Os investidores seguem monitorando de perto os números que podem dar a dimensão do quão grave e contagioso é o coronavírus. A Comissão Nacional de Saúde da China informou nesta madrugada que mais 25 pessoas morreram, o que levou a contagem total de mortos  para 106. O número de casos confirmados no país chegou a 4.515. Os Estados Unidos planejam resgatar os cidadãos americanos que estão em Wuhan, onde os primeiros casos foram registrados. Reino Unido, Japão e Portugal estudam operações semelhantes.

Na segunda, 27, a Alemanha se tornou o segundo país da Europa e o 15º do mundo com casos registrados de coronavírus.
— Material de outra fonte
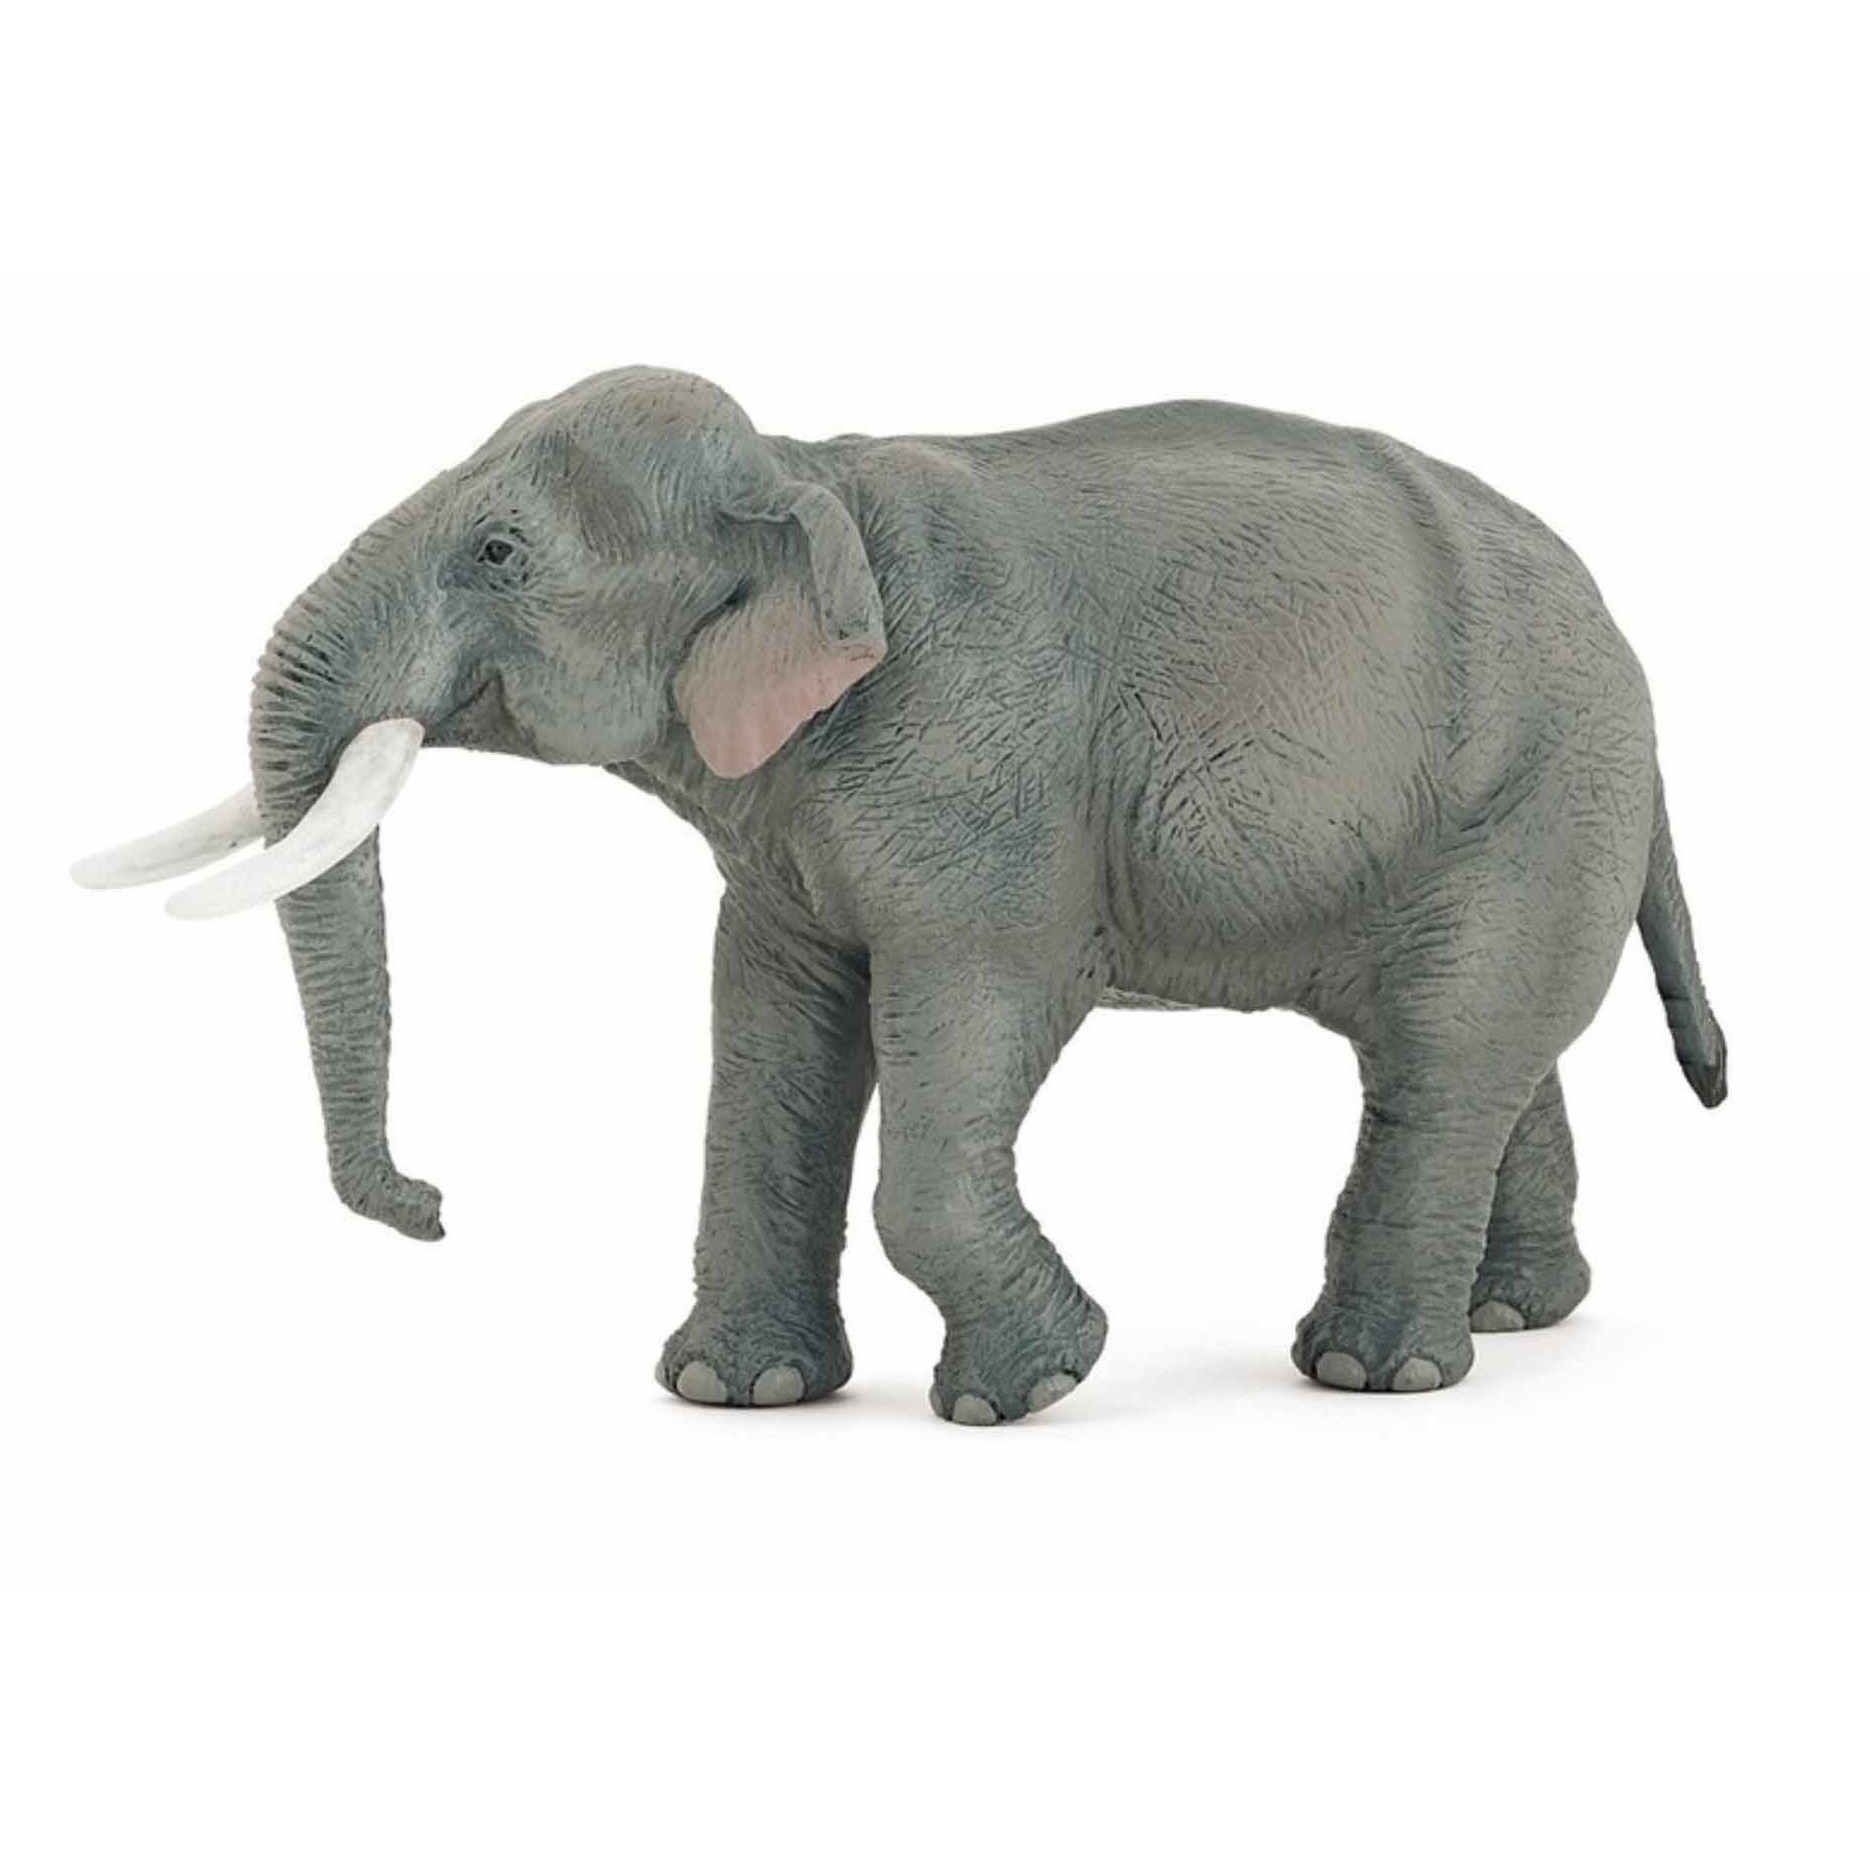 Plastic speelgoed figuur Aziatische moeder olifant 14.5 cm

Já havia informações sobre três infectados na França.

Numa tentativa de conter o coronavírus, Hong Kong anunciou nesta terça uma série de restrições de viagens entre o território e a China continental, num anúncio que chegou a pressionar os negócios nas bolsas europeias. 

O que se sabe

A origem do chamado “novo coronavírus 2019” ou “2019-nCoV” ainda é desconhecida. A hipótese mais provável é de que a fonte primária do vírus seja animal e que tenha começado a circular em um mercado de frutos do mar em Wuhan. As autoridades ainda não confirmaram qual foi o suposto animal infectado ou como a transmissão teve início, mas um estudo feito por pesquisadores chineses mostra que o surto pode ter começado em cobras. 

Coronavírus são uma grande família de vírus da qual alguns são responsáveis por causar doenças em humanos. A maioria circula em animais como camelos, gatos e morcegos.

Segundo o Centro de Controle e Prevenção de Doenças dos Estados Unidos (CDC, na sigla em inglês), os coronavírus animais raramente podem evoluir, infectar pessoas e se espalhar, como foi observado durante os surtos da Síndrome Respiratória do Oriente Médio (MERS, na sigla em inglês) e da Síndrome Respiratória Aguda Grave (SARS, na sigla em inglês).